Monday 11 June 2012

sendromlarim

bu sabah da her zamanki gibi geleneksel pazartesi sendromumu yasadim. ofise gitmemek icin yapmadigim halt kalmadi ama neticede gorece gec bir vakit olsa bile yine ofiste idim ve her zamanki depresyon sarkimi dinlemeye koyulmustum. t tatile gittigi icin yalniz basima daha da depresmistim.
klasiktir,
her pazartesi emekliligime ne kadar kaldigini dusunur, etrafimdaki yasli insanlara bakarak OMG derim. bugun de dedim ve fakat bugun bir de AMK ekledim arkasina zira bizim ofisteki yaslisi genci hepsi hayatindan memnun resmen. gencler tarz ve hirs yapmis, yaslilar yaslari vesilesi ile sahip olduklari makamdan memnunlar, bir kac yil daha cepleri doldururlar. AMK. ve hatta DABIL AMK.

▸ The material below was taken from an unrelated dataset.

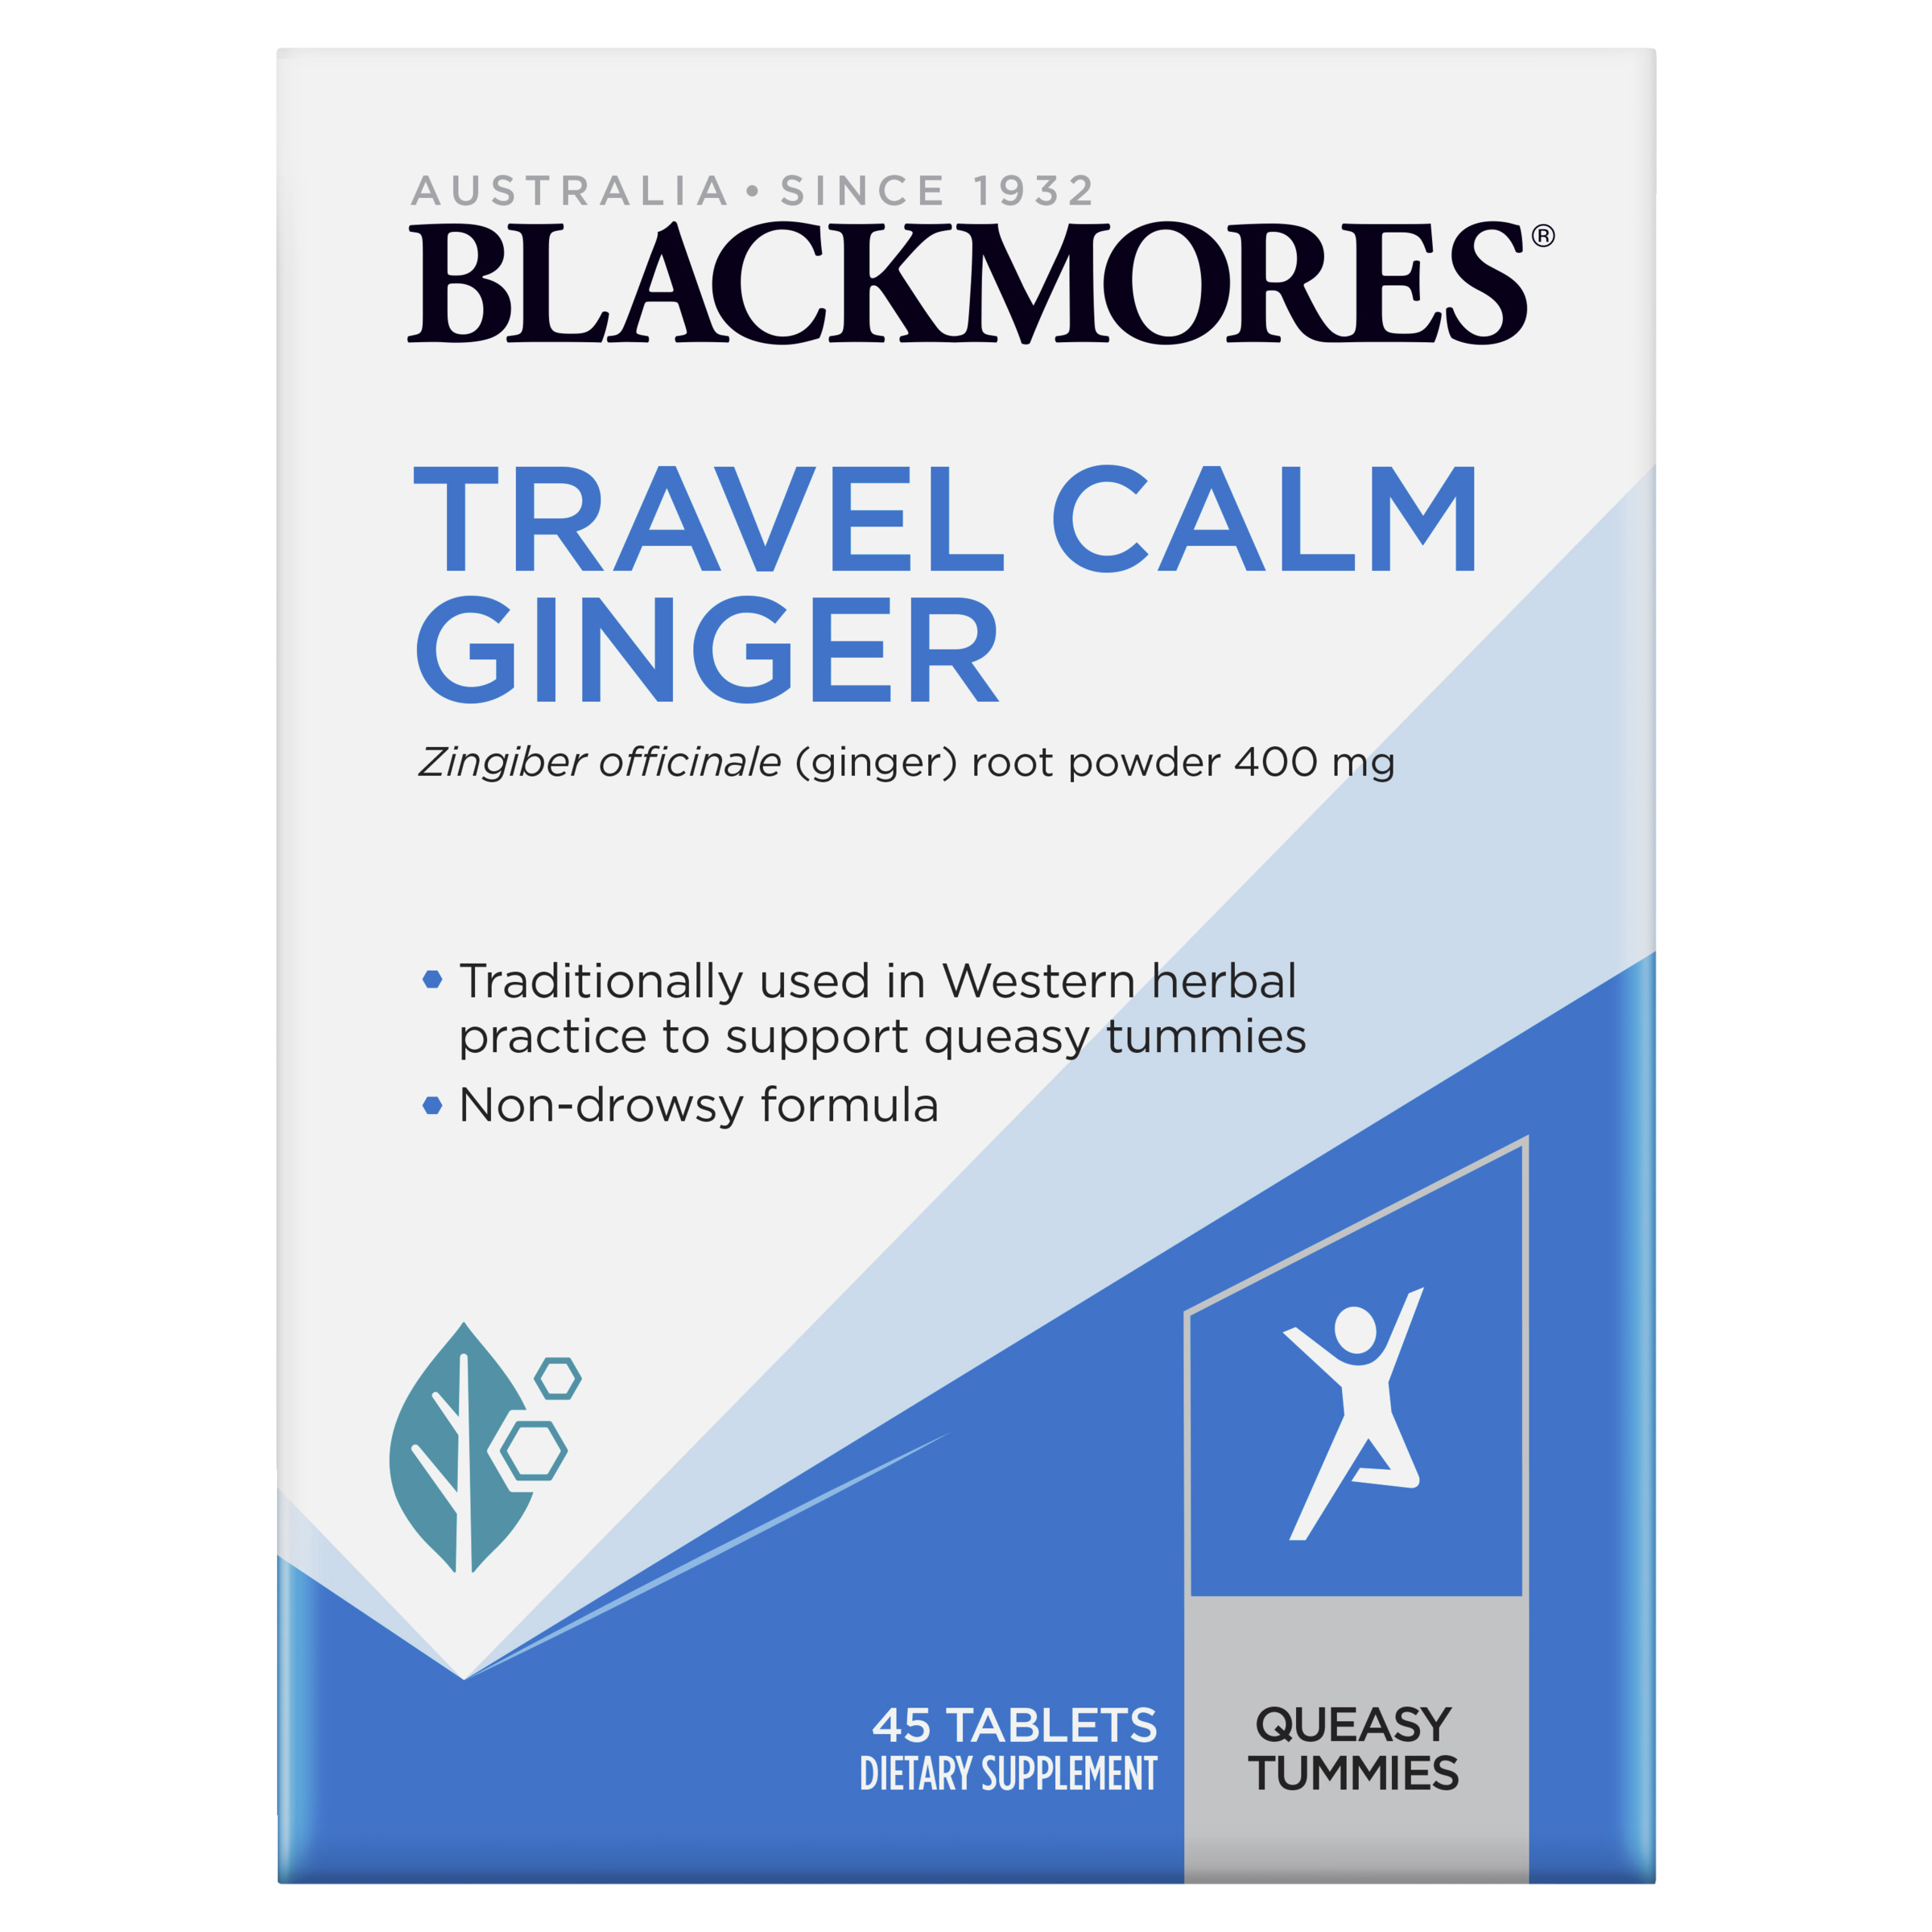 Blackmores Travel Calm Ginger

bir benim o masada otururken hayati, gelecek gunleri, gidemedigi tatillerI, kopek gibi calistigi icin diger seylere ayiracagi vakitleri olmayan. sonra cok uzuldum, orton'u aradim. kahve icmeye gittik. arnavutkoy'e yuruduk. orada cekim icin bir eve bakmam gerekiyordu ve ne guzel bir semtimdi. sonra eve baktim, bu evi bana versene ya diycektim ev sahibi kadina. utandigim icin evin girisinde duran garip kirmizi heykelin kulagina fisildadim: abi baska isin yok mu burda dikilmissin dedim heykele. ev sahibi kadin duydu galiba. cok utandim. eve dondum. simdi de sali sendromuma hazirlaniyorum.